**Task item**. Below are lines of data, and only some are wanted. Please repeat exactly those from the line that has "JBL Live 460 NC Blauw" through the line that has "Chanel Burgundy Boy".

**Supplied material**.
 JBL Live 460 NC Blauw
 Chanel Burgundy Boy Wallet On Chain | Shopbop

--

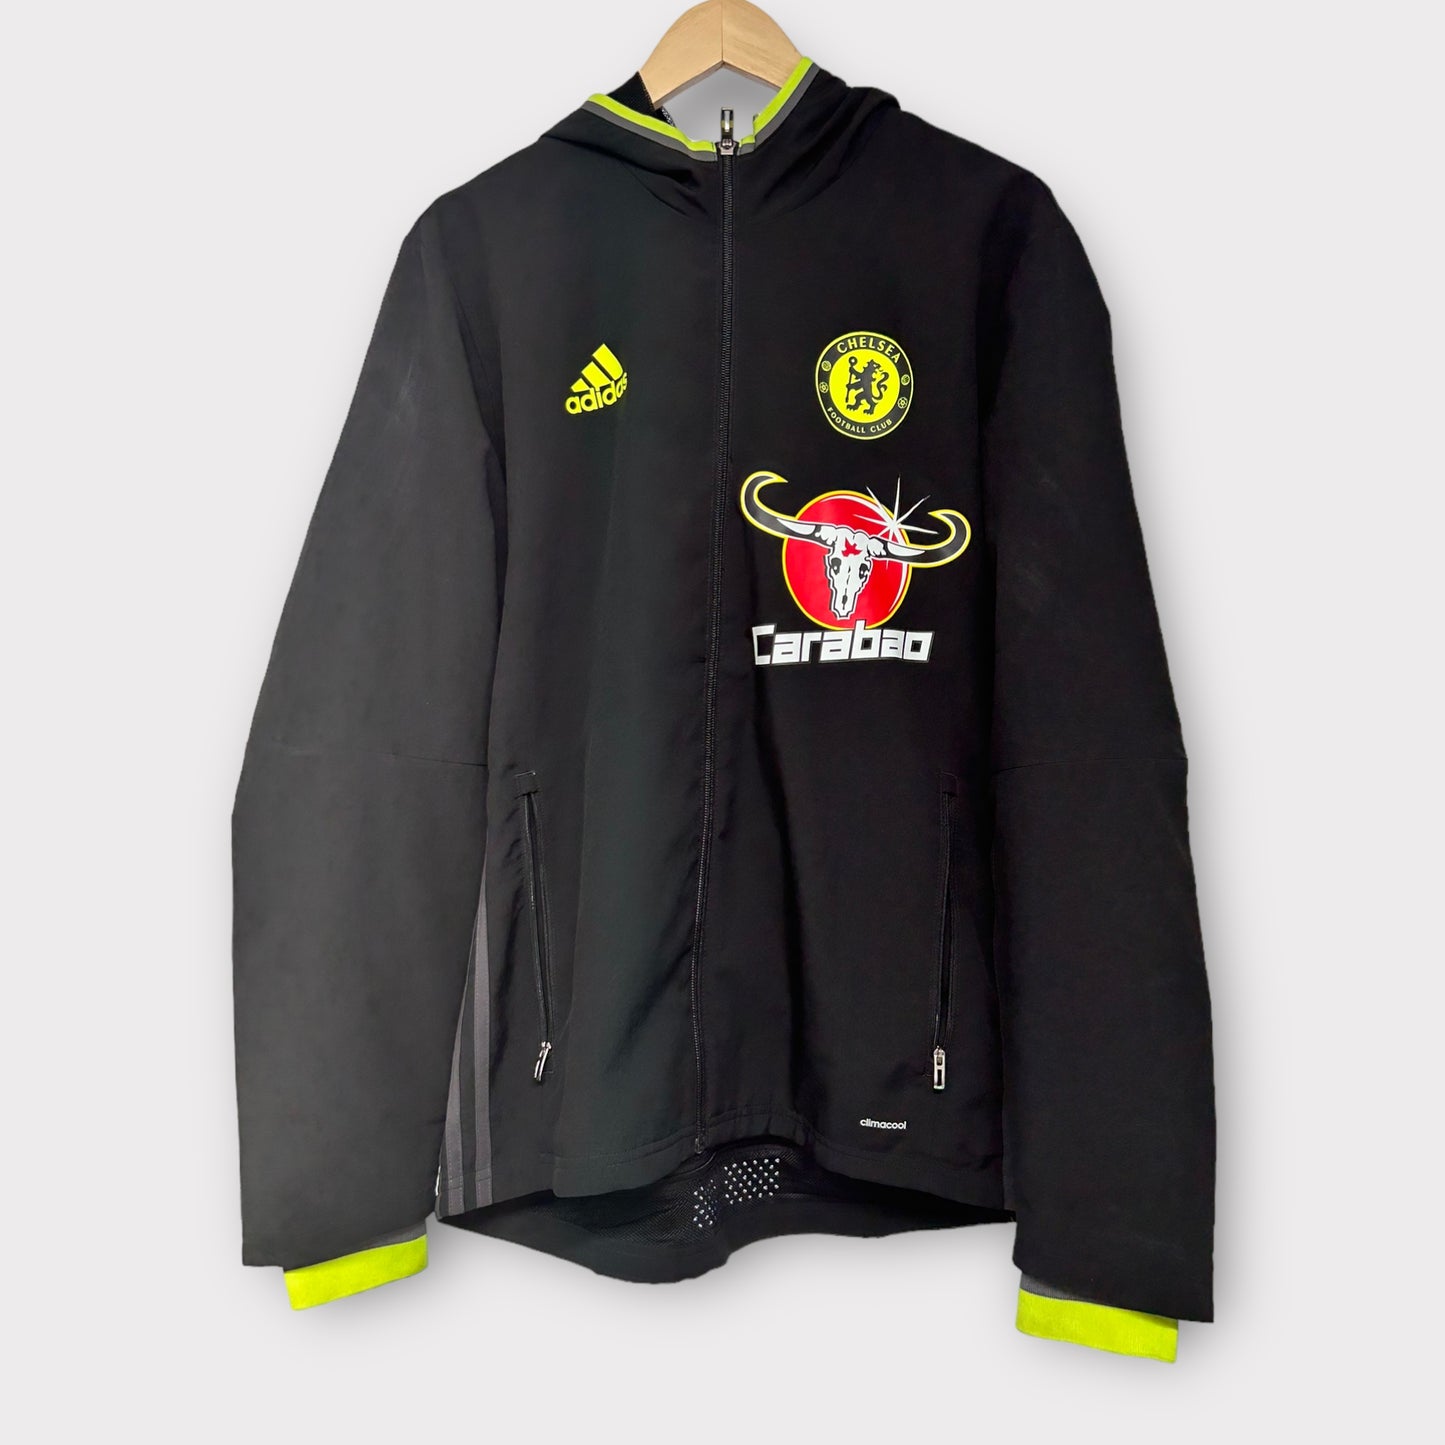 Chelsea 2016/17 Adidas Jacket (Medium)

**Response box**.
 JBL Live 460 NC Blauw
 Chanel Burgundy Boy Wallet On Chain | Shopbop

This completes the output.